For number of layers, we're going to explore 1, 10 and 20 layers.

For number of nodes per hidden layer, we'll explore what happens with 1, 512, and 4096 nodes. (I mean, it's gonna go to infinity, so why would I try thousands of hidden nodes, right?)

For non-linearities, we'll do:

  • No non-linearities (i.e. simple linear projections)
  • Erf non-linearity
  • Relu non-linearity
  • Gelu non-linearity

The three non-linearities are available in neural tangents, so we're using them for convenience. At 4x3x3, we're already at 36 combinations, which I think is more than enough to see any patterns.

Linear projections (a.k.a. no non-linearities)

Let's start with linear projections and see what happens.

from itertools import product 

NUM_LAYERS = [1, 10, 20]
NUM_HIDDEN = [1, 512, 4096]

fig, axes = plt.subplots(nrows=3, ncols=3, figsize=(12, 12), sharex=True, sharey=True)

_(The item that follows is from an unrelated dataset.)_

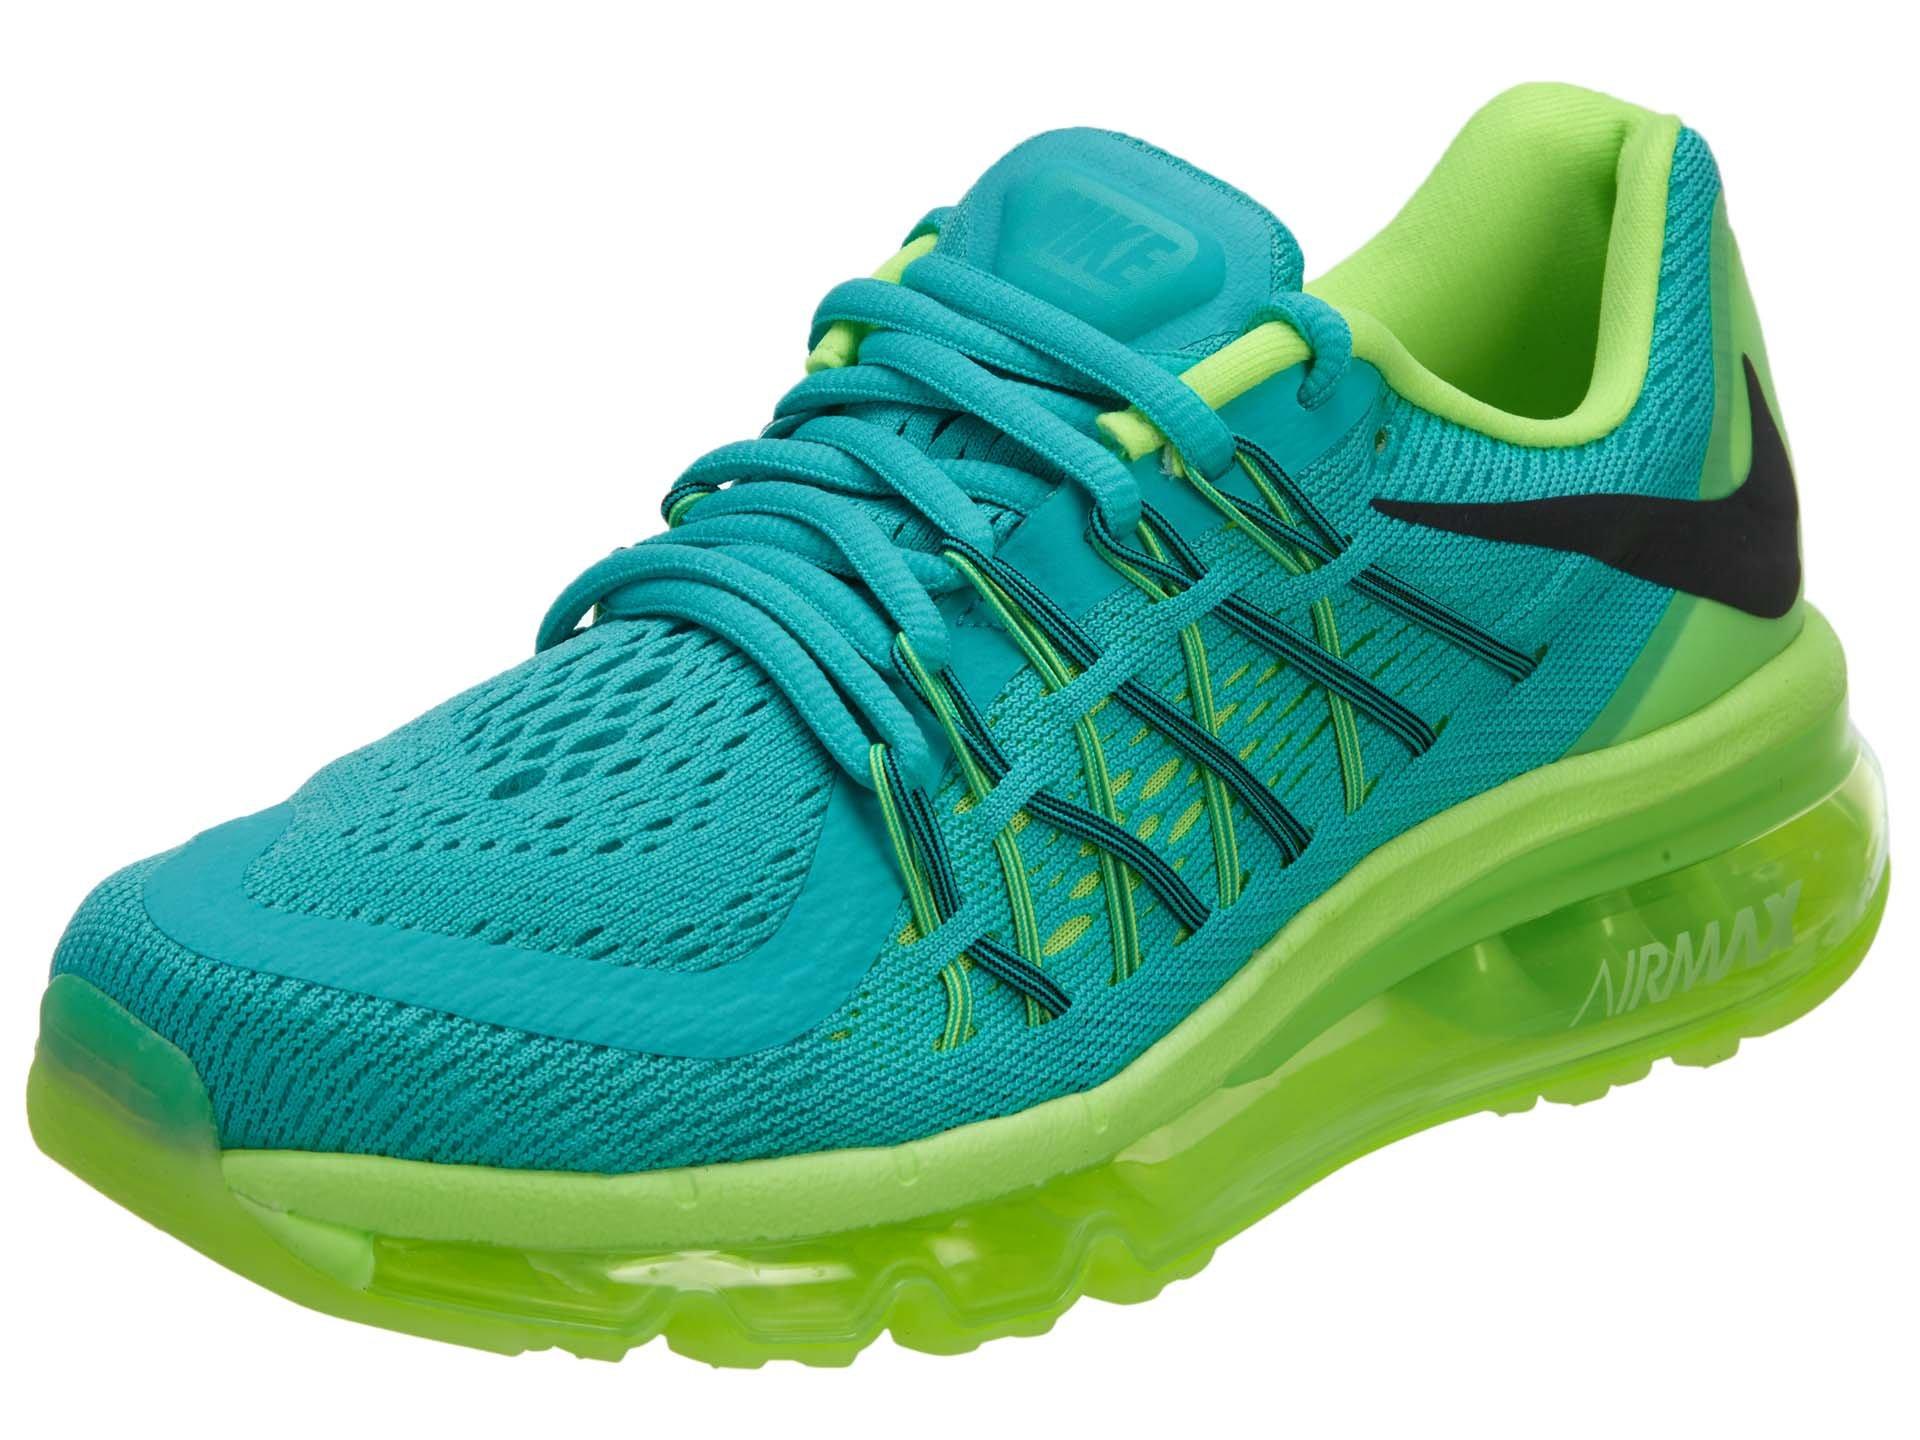 Nike Nike Air Max 2015 Womens Style: 698903-400 Size: 6

for i, (n_layers, n_hidden) in enumerate(product(NUM_LAYERS, NUM_HIDDEN)):
    init_fn, apply_fn, kernel_fn = make_inf_nn(n_layers, n_hidden, nonlinearity=None)
    mean, std = compute_mean_std(kernel_fn, x_train, y_train, x_test)

    plot_results(SCOREFUNC, y_test, mean, std, axes.flatten()[i], n_layers, n_hidden, FIG_ALPHA)

minval, maxval = get_x_eq_y(axes)
for ax in axes.flatten():
    ax.plot([minval, maxval], [minval, maxval], color="black", ls="--")
    sns.despine()

for ax in axes[:, 0]:
    ax.set_ylabel("Predicted")

for ax in axes[-1, :]:
    ax.set_xlabel("Actual")

plt.tight_layout()

Apparently, with no pure linear projections, we:

  1. Do much better with the performance as measured by posterior expectation values.
  2. See that layer depth and number of hidden nodes have zero effect on performance and uncertainty widths.

Erf nonlinearity

Now let's see what happens when we use the Erf nonlinearity, which was the default activation function that the neural tangents demo notebooks use.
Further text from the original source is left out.